Finally, I RESOLVE to hire the best people

Again, I want to emphasize the simple and honest fact that the better performing practices out there are the ones doing the best job at human resources. One way they do this is by hiring the best people they can, even if it costs a little more to do so. This means strict attention must be paid to the hiring process. It is so easy to see how hiring really good people can turbo charge a practice almost overnight.

February 2, 2012 in Practice Management | Permalink | Comments (0) | TrackBack (0)

Physician new year resolutions #8 and #9

I RESOLVE to adopt a healthier personal lifestyle

I’m sure this one is already on your list but I wanted to emphasize it for you again. A healthier lifestyle can only lead to greater productivity not only in the office, but in your personal life as well. We all know what to do to get healthier, unfortunately implementation is oftentimes difficult to achieve. Make it a goal to identify all of those things that get in the way of accomplishing this goal and eliminate them from your life. Why set yourself up to take a premature “dirt nap” anyway???

I RESOLVE to start my own personal financial planning

This includes retirement planning, education planning, budgeting, insurance planning, investment planning, and net worth optimization, just to name a few. As a practitioner who has been working solely with physicians for the last 20 years, let me tell you one simple truth: There are a lot of physicians out there who have to work. Don’t become one of them.

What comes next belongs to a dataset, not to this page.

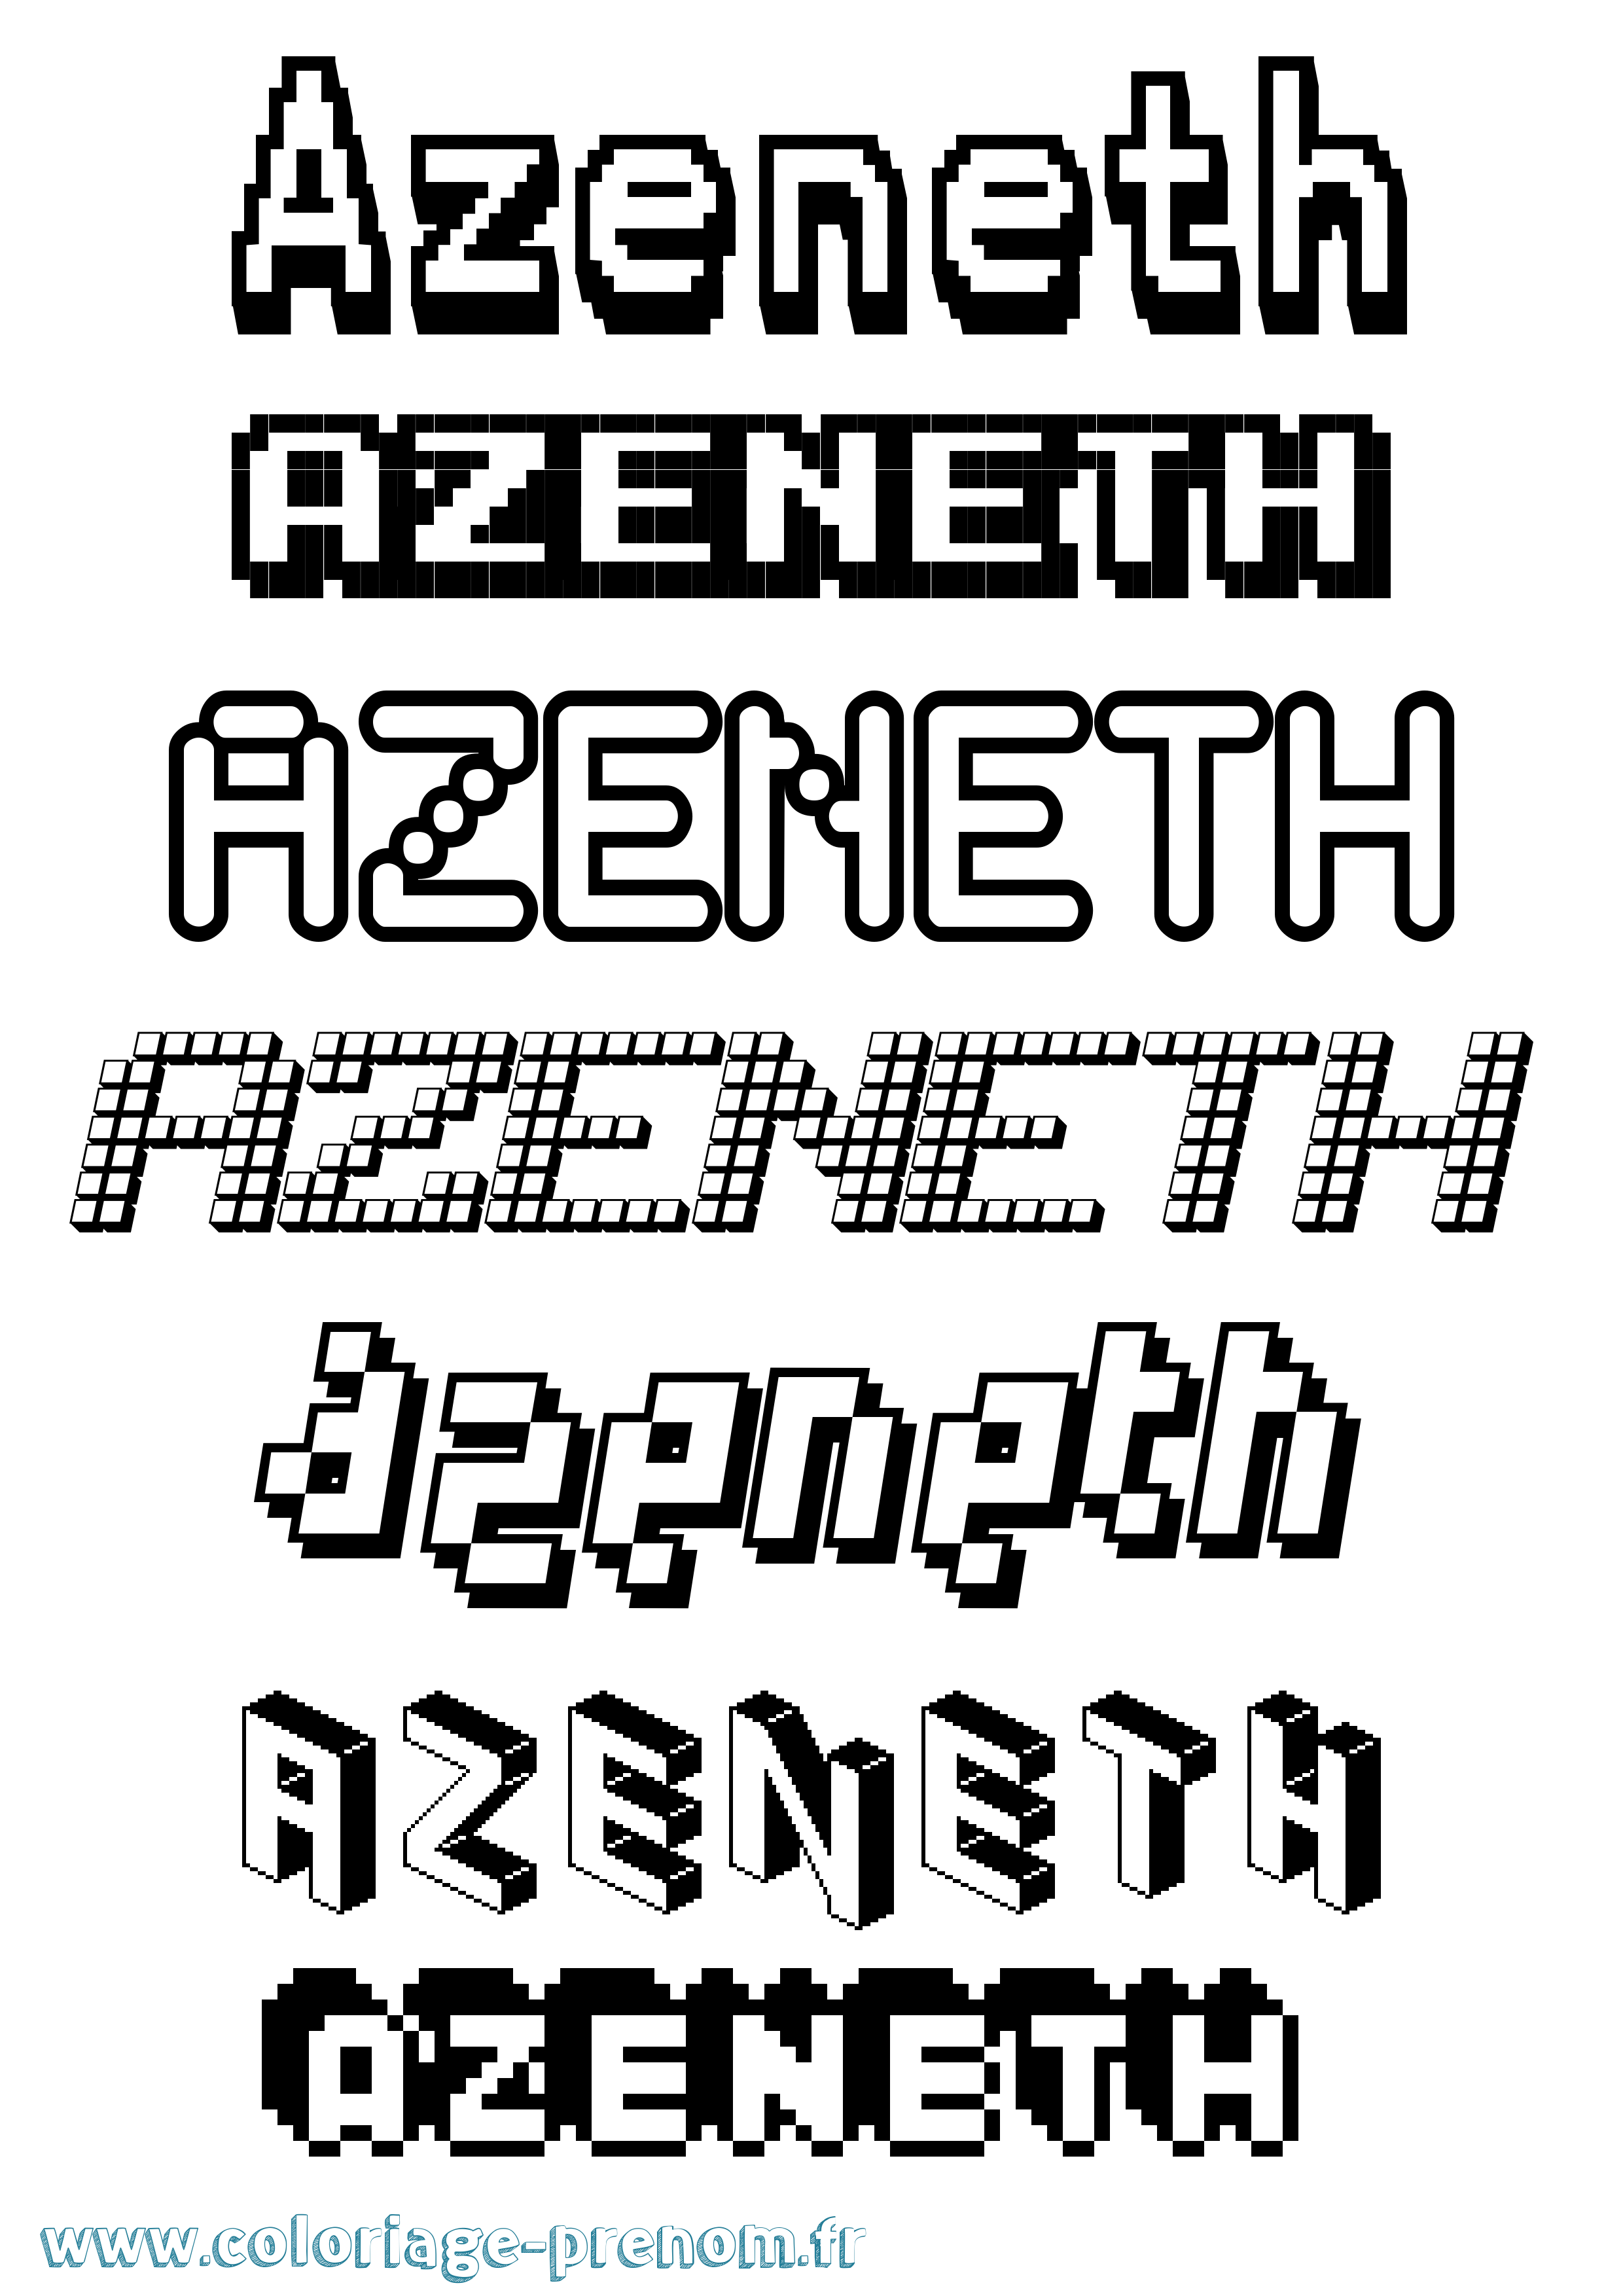 Coloriage prénom Azeneth Pixel
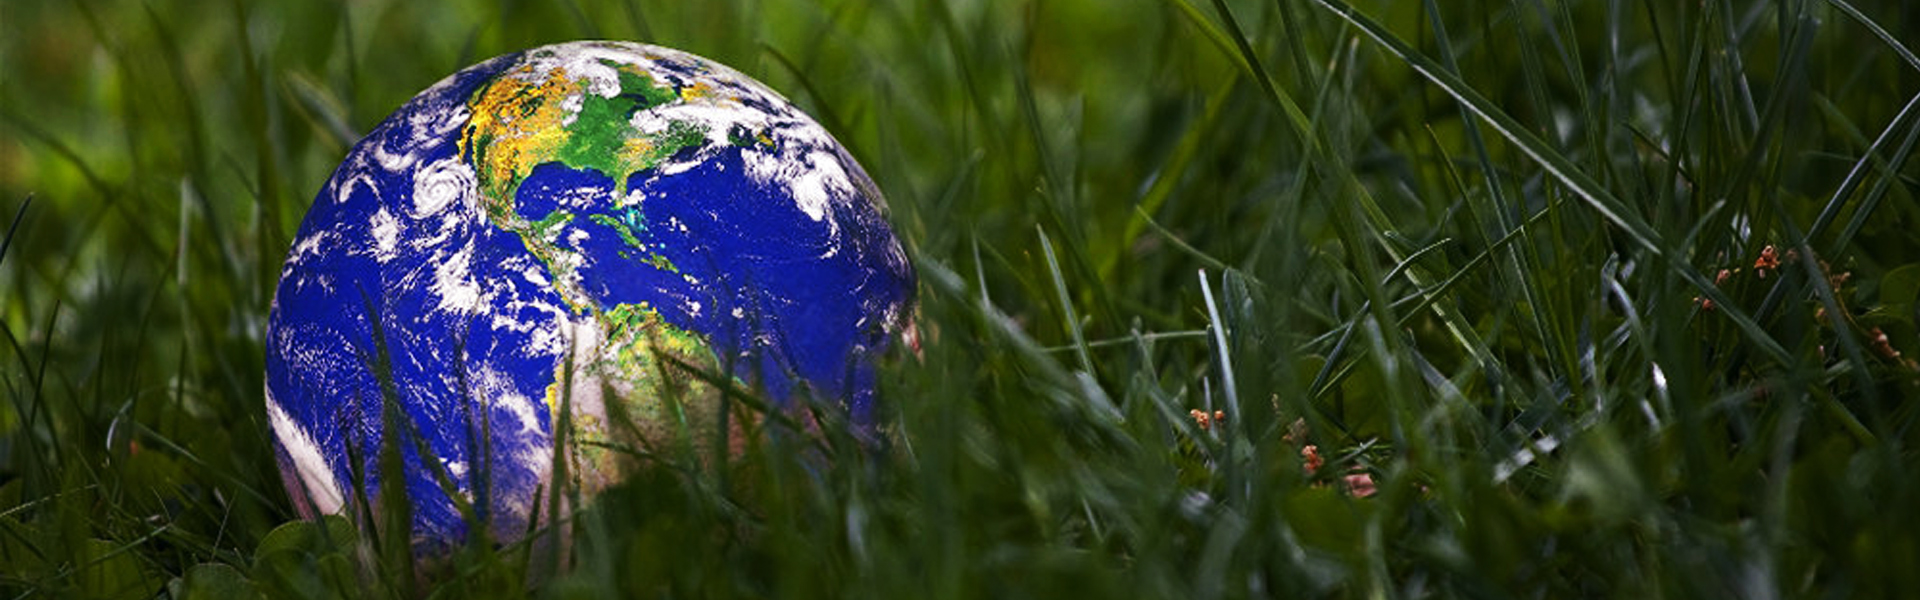 Globe in grass

January 31, 2012 in Practice Management | Permalink | Comments (0) | TrackBack (0)

Physician new year resolution #6 and #7

I RESOLVE to hold a strategic planning retreat this year

This even applies to solo practitioners. Do you know where you want to be 3, 5, 10 years from now? Do you have a plan on how to get there? Are all physicians in agreement on how to get there? It shouldn’t take a rocket scientist to figure out that future success requires an awful lot of planning.

I RESOLVE to consider a practice merger

Consider a practice merger to eliminate duplicate overhead, to increase revenue, to possibly gain some leverage over the manage care payers, and to provide a transition strategy. These are just a few of the potential benefits. If done right, a practice merger can not only increase physician incomes, but maintain some of the autonomy most physician’s desire.

January 30, 2012 in Practice Management | Permalink | Comments (0) | TrackBack (0)

Physician new year resolution #4 and #5

I RESOLVE to take a proactive managed care stance

Conduct a detailed review all of your current managed care relationships to assess what payers need to be eliminated and what contracts need to be renegotiated. I’m sure as you’re reading this you are saying to yourself that there is no way you can successfully renegotiate a contact. My response to you is: How do you know unless YOU TRY. Just talking with your managed care payers can provide valuable insight on what it takes to be successful in today’s dominate managed care marketplace.

I RESOLVE to get an independent review of my medical practice

You get your car tuned up every year; doesn’t it make sense to get your medical practice tuned up also? An independent assessment will tell you what is good about your practice and what needs to be improved for increased efficiency and profitability.

January 27, 2012 in Practice Management | Permalink | Comments (0) | TrackBack (0)

Physician new year resolution #3

I RESOLVE to take a CPT coding class

Most of your revenues are coming from fixed fee payers (Medicare, managed care, etc.). Your services are paid based on specific reimbursement rates for each service by each payer. In this environment, proper CPT coding can either lead to increased revenue or lost revenue. Take a coding class to make sure you are billing out all services that you are entitled to bill out and to make sure you are properly billing out your services.

January 26, 2012 in Practice Management | Permalink | Comments (0) | TrackBack (0)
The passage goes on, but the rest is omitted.